> EXERCISE INSTRUCTIONS
An exact repetition of the records is required. Leave nothing out.

> DATASET CONTENT
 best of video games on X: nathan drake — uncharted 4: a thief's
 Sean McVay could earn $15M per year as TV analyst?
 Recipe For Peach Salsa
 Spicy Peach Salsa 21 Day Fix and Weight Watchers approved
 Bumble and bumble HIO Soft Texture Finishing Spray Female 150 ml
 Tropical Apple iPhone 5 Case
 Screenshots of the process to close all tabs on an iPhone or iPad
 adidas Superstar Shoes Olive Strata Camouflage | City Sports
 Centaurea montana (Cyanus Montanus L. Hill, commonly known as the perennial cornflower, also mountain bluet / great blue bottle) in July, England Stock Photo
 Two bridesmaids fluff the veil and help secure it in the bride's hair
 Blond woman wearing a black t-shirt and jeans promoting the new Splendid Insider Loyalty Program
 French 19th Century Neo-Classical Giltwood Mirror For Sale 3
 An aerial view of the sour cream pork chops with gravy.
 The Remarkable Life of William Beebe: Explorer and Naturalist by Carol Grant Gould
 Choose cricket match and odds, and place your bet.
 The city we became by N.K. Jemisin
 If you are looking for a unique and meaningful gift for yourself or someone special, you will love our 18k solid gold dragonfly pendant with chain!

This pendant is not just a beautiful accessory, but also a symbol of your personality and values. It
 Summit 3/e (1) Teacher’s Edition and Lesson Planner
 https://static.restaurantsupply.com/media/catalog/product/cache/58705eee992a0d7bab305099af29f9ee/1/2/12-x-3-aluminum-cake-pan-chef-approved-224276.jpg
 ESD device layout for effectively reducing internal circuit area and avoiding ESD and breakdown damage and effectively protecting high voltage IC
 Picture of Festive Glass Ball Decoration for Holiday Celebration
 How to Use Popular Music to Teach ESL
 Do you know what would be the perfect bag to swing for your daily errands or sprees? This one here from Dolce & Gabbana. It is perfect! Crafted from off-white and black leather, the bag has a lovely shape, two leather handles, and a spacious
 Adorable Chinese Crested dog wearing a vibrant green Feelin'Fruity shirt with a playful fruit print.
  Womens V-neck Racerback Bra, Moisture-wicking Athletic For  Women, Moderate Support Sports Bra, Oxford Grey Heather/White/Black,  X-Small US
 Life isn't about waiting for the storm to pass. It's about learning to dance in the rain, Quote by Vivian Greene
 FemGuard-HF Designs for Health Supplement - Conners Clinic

> SOLUTION BELOW
 best of video games on X: nathan drake — uncharted 4: a thief's
 Sean McVay could earn $15M per year as TV analyst?
 Recipe For Peach Salsa
 Spicy Peach Salsa 21 Day Fix and Weight Watchers approved
 Bumble and bumble HIO Soft Texture Finishing Spray Female 150 ml
 Tropical Apple iPhone 5 Case
 Screenshots of the process to close all tabs on an iPhone or iPad
 adidas Superstar Shoes Olive Strata Camouflage | City Sports
 Centaurea montana (Cyanus Montanus L. Hill, commonly known as the perennial cornflower, also mountain bluet / great blue bottle) in July, England Stock Photo
 Two bridesmaids fluff the veil and help secure it in the bride's hair
 Blond woman wearing a black t-shirt and jeans promoting the new Splendid Insider Loyalty Program
 French 19th Century Neo-Classical Giltwood Mirror For Sale 3
 An aerial view of the sour cream pork chops with gravy.
 The Remarkable Life of William Beebe: Explorer and Naturalist by Carol Grant Gould
 Choose cricket match and odds, and place your bet.
 The city we became by N.K. Jemisin
 If you are looking for a unique and meaningful gift for yourself or someone special, you will love our 18k solid gold dragonfly pendant with chain!

This pendant is not just a beautiful accessory, but also a symbol of your personality and values. It
 Summit 3/e (1) Teacher’s Edition and Lesson Planner
 https://static.restaurantsupply.com/media/catalog/product/cache/58705eee992a0d7bab305099af29f9ee/1/2/12-x-3-aluminum-cake-pan-chef-approved-224276.jpg
 ESD device layout for effectively reducing internal circuit area and avoiding ESD and breakdown damage and effectively protecting high voltage IC
 Picture of Festive Glass Ball Decoration for Holiday Celebration
 How to Use Popular Music to Teach ESL
 Do you know what would be the perfect bag to swing for your daily errands or sprees? This one here from Dolce & Gabbana. It is perfect! Crafted from off-white and black leather, the bag has a lovely shape, two leather handles, and a spacious
 Adorable Chinese Crested dog wearing a vibrant green Feelin'Fruity shirt with a playful fruit print.
  Womens V-neck Racerback Bra, Moisture-wicking Athletic For  Women, Moderate Support Sports Bra, Oxford Grey Heather/White/Black,  X-Small US
 Life isn't about waiting for the storm to pass. It's about learning to dance in the rain, Quote by Vivian Greene
 FemGuard-HF Designs for Health Supplement - Conners Clinic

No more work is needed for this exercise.